As Dearden points out: "Pfizer and its lobbying body PhRMA were the top spending lobbyists in the US healthcare sector in the last two decades. They use the power lobbying gives them to promote and extend their rights of secrecy ('data exclusivity') over medical development and their monopoly protection which allows them to charge astronomical prices. They support the US government including higher levels of monopoly protection in new trade deals."
Pfizer has what amounts to a license to print money. It has near monopoly rights to produce for a market in which demand is virtually inelastic, and it used profits from that market to lobby and buy elections. As for the incentives to fashion new drugs it may be the case that the current system does more to incentivize the wrong behavior. MSF ran a campaign against the price of Pfizer's pneumonia vaccines, which it claimed were 68 times more expensive in 2015 than in 2001. While Pfizer did reduce prices for the lowest income countries, MSF said the cost to vaccinate remained "roughly US $9.00 for each child to be vaccinated in the poorest countries, and as much as $80 per child for middle-income countries." The medical aid agency claimed Pfizer and GSK have earned over $50 billion for the drug, but that even today approximately "55 million children around the world still do not have access to the pneumonia vaccine, largely due to high prices."
Not only is such aggressive behavior encouraged, but communication among scientists with expertise in these areas was also excluded.
Pfizer has said it will suspend patent protection until the pandemic is over. But as Dearden points out, they want to be the ones who decide when it is over. There is little reason to trust them. A system of laws that provide patent protection for life-saving drugs or vaccines is based on a concept of intellectual property that extends Lockean notions of property (if I cultivate the land I own it) to an even broader claim that nature as a whole can be treated as a commodity bought and sold on markets with an objective of maximizing one's wealth.
Native Americans were demonized for their resistance to this aggressively acquisitive orientation to the endowments of lands, waters, and forests.
Joseph Stiglitz and Lori Wallach pointed out in a Washington Post op-ed last week that had WTO members last October "agreed to waive aspects of its agreement on trade-related intellectual property for covid-related medicines..... poor nations might not wait until 2024 for vaccines, as projected."

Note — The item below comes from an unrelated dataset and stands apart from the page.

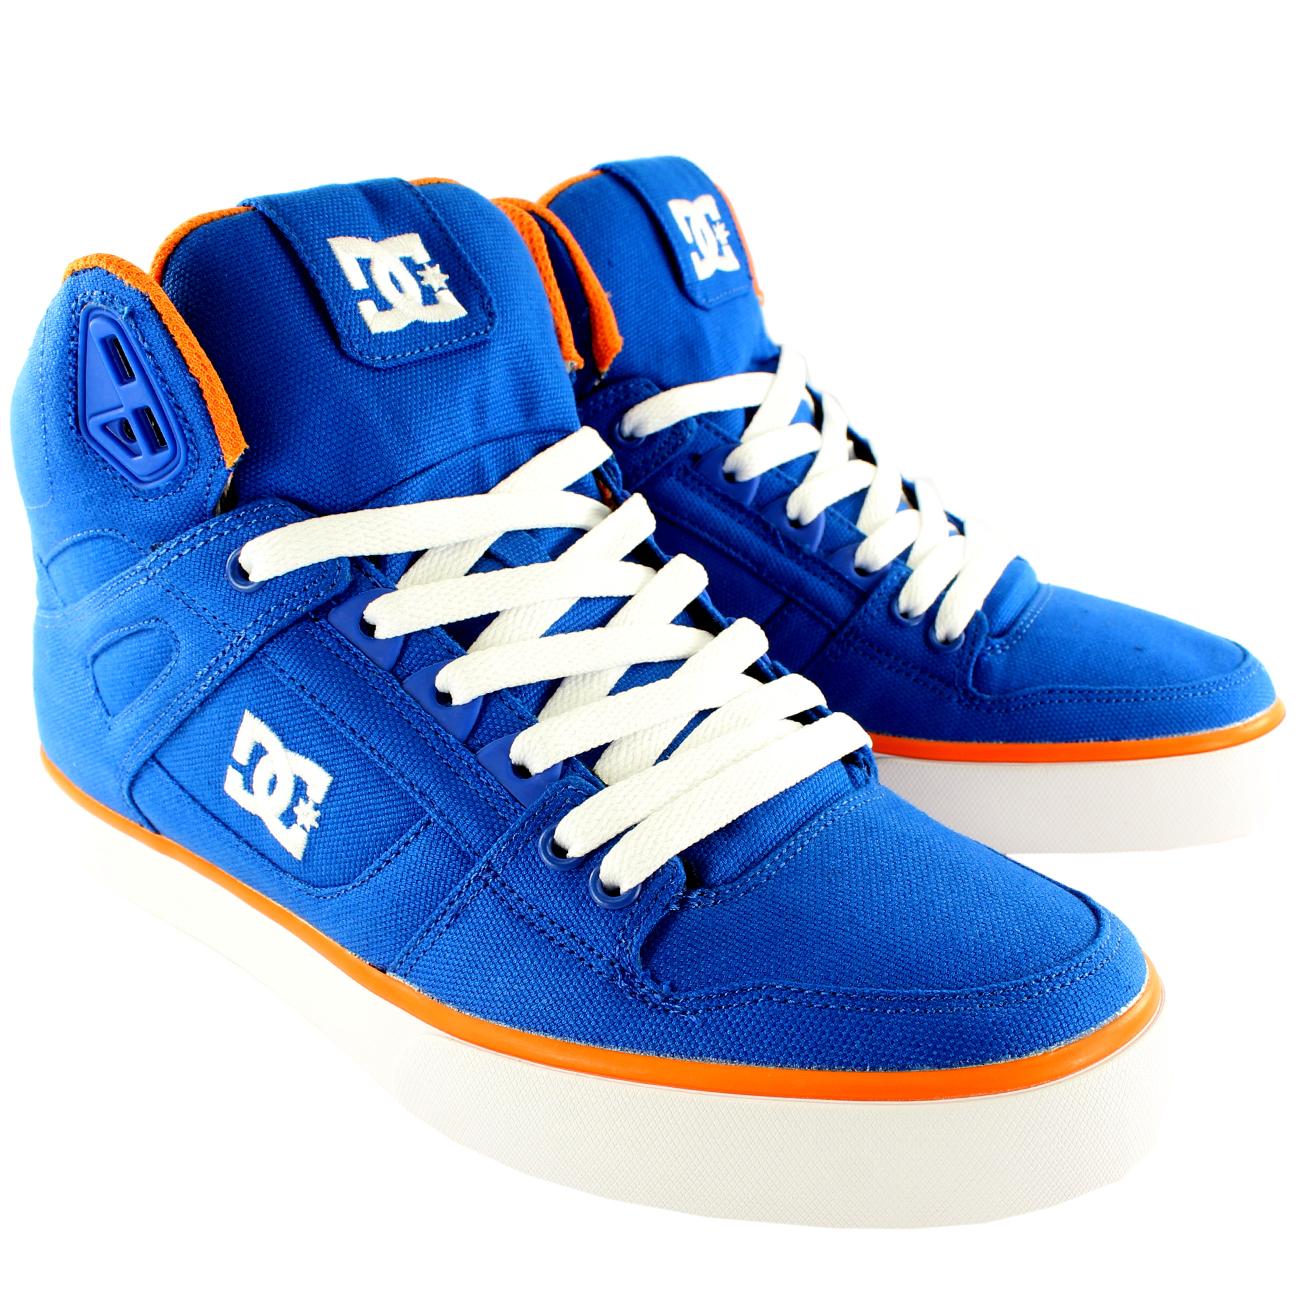 DC Shoes Spartan High Top Skate Shoes

According to Stiglitz and Wallach, "Waiving intellectual property rights so developing countries could produce more vaccines would make a big difference in reaching global herd immunity. Otherwise, the pandemic will rage largely unmitigated among a significant share of the world's population, resulting in increased deaths and a greater risk that a vaccine-resistant variant puts the world back on lockdown."
President Biden should suspend all drug and vaccine-related patents. In the long term, we must treat public health as a common good, a good upon which all of our virtues depend. Its content lies in shared recognition of an obligation to the health of all even as we periodically debate its implications in a culturally and technologically dynamic world.